Few studies have evaluated the passive cooling effect of a green roof in relation to vegetation growth form, which varies by plant height and biomass quantity and density. This study contributes to the understanding of the differential impacts of three vegetation types on air, surface, and substrate temperatures at seven levels in a humid, tropical environment. The main temperature variations occur during the day, with similar cooling trends at night. Vegetated roofs register suppression of diurnal minimum and maximum air temperature but limited reduction in diurnal temperature range. The vegetated roofs do not cool air more than the control at night. Grass demonstrates more air cooling than groundcover and shrub. During the day, grass develops a miniature suspended temperature inversion (STI) and shrub develops a canopy temperature inversion (CTI).

The thermal performance of the three vegetation types demonstrates pronounced variations in air temperatures at different heights, surface temperature, and material temperature at different depths. The findings indicate the key role played by biomass quantity and structural complexity in molding the passive cooling functions. Shrub has the densest and most complex biomass structure. Contrary to common belief, it creates the most extreme diurnal air temperature regime. Grass has the simplest biomass structure but it is more able to create passive air cooling. Groundcover and shrub, with a concentration of transpirational foliage elevated above the soil, create passive cooling, by perched thermal discontinuity (PTD). The air gap of the plastic drainage layer arrested downward heat transmission in all vegetated plots to form a subsurface thermal discontinuity (STD).

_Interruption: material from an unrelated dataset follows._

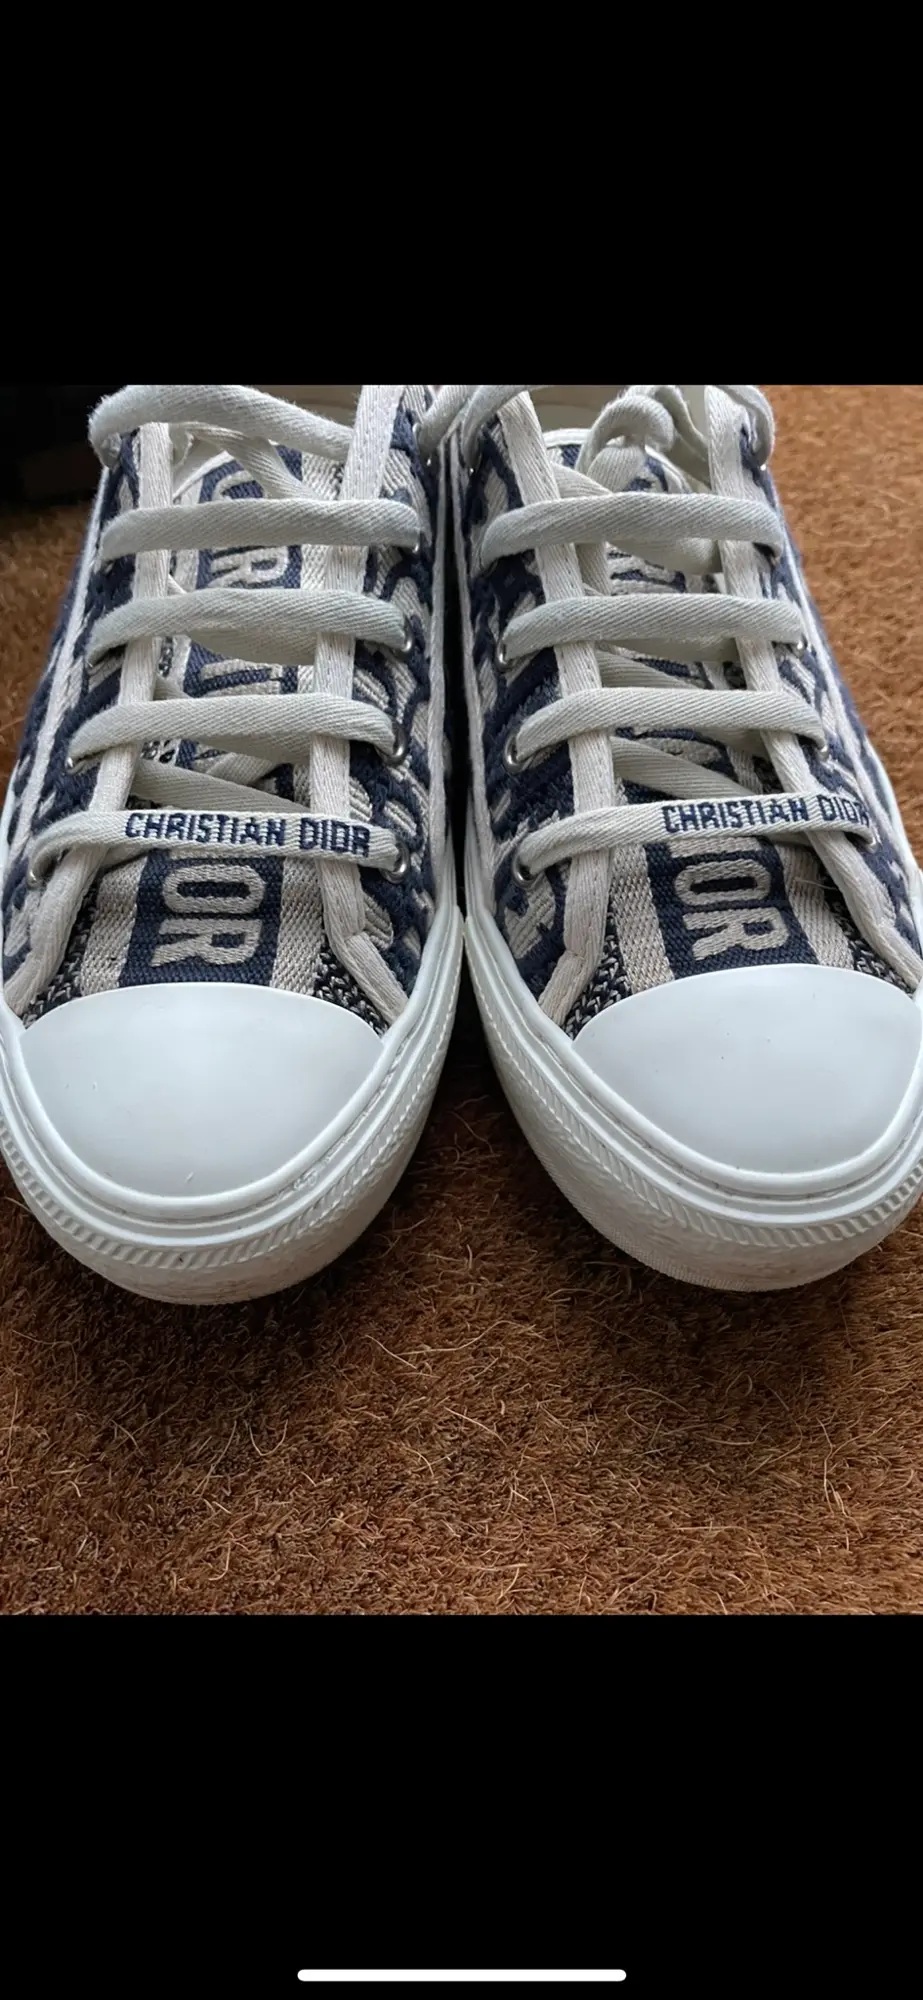 Christian Dior sneakers

The notable differences in temperature among vegetation types, however, tend to be accentuated in the surface and substrate layers, and they decline notably with depth. The grass plot has notably warmer soil and rockwool layers than the groundcover and shrub plots. At the bottom of the green roofs, the tile temperature of grass, groundcover, and shrub converge to a common low level. Little heat moves from soil and rockwool layers to the tile, indicating the effective insulation provided by the drainage layer. Thus, a relatively thick drainage layer brings dual benefits: quickly shedding water from heavy tropical rain storms and providing a subsurface thermal discontinuity. A green roof with a continuous and vigorous vegetation cover is more important than vegetation type in reducing heat gain into buildings. This finding corroborates with that obtained in a focused study of the cooling effect of the abiotic layers in green roofs (Jim and Tsang 2011). This finding has important implications to the choice of green-roof materials and vegetation in the humid tropics.

The near-ground air and surface temperatures experienced by green-roof users have key implications on human comfort and overall urban heat-island suppression (Smith and Levermore 2008). The natural passive-cooling effect of green roofs could play a useful role in ameliorating urban heat stresses and providing the collateral ecological and amenity benefits. Both daytime and nighttime urban heat island effect could be ameliorated by irrigated green roofs. The research also verifies the applicability of a light-weight extensive green-roof system in humid, tropical conditions. The findings could provide an alternative dimension to the choice of vegetation and system design for roof greening in tropical cities as a part of the bioclimatic building design, making use of natural and sustainable cooling features (Hatamipour and Abedi 2008).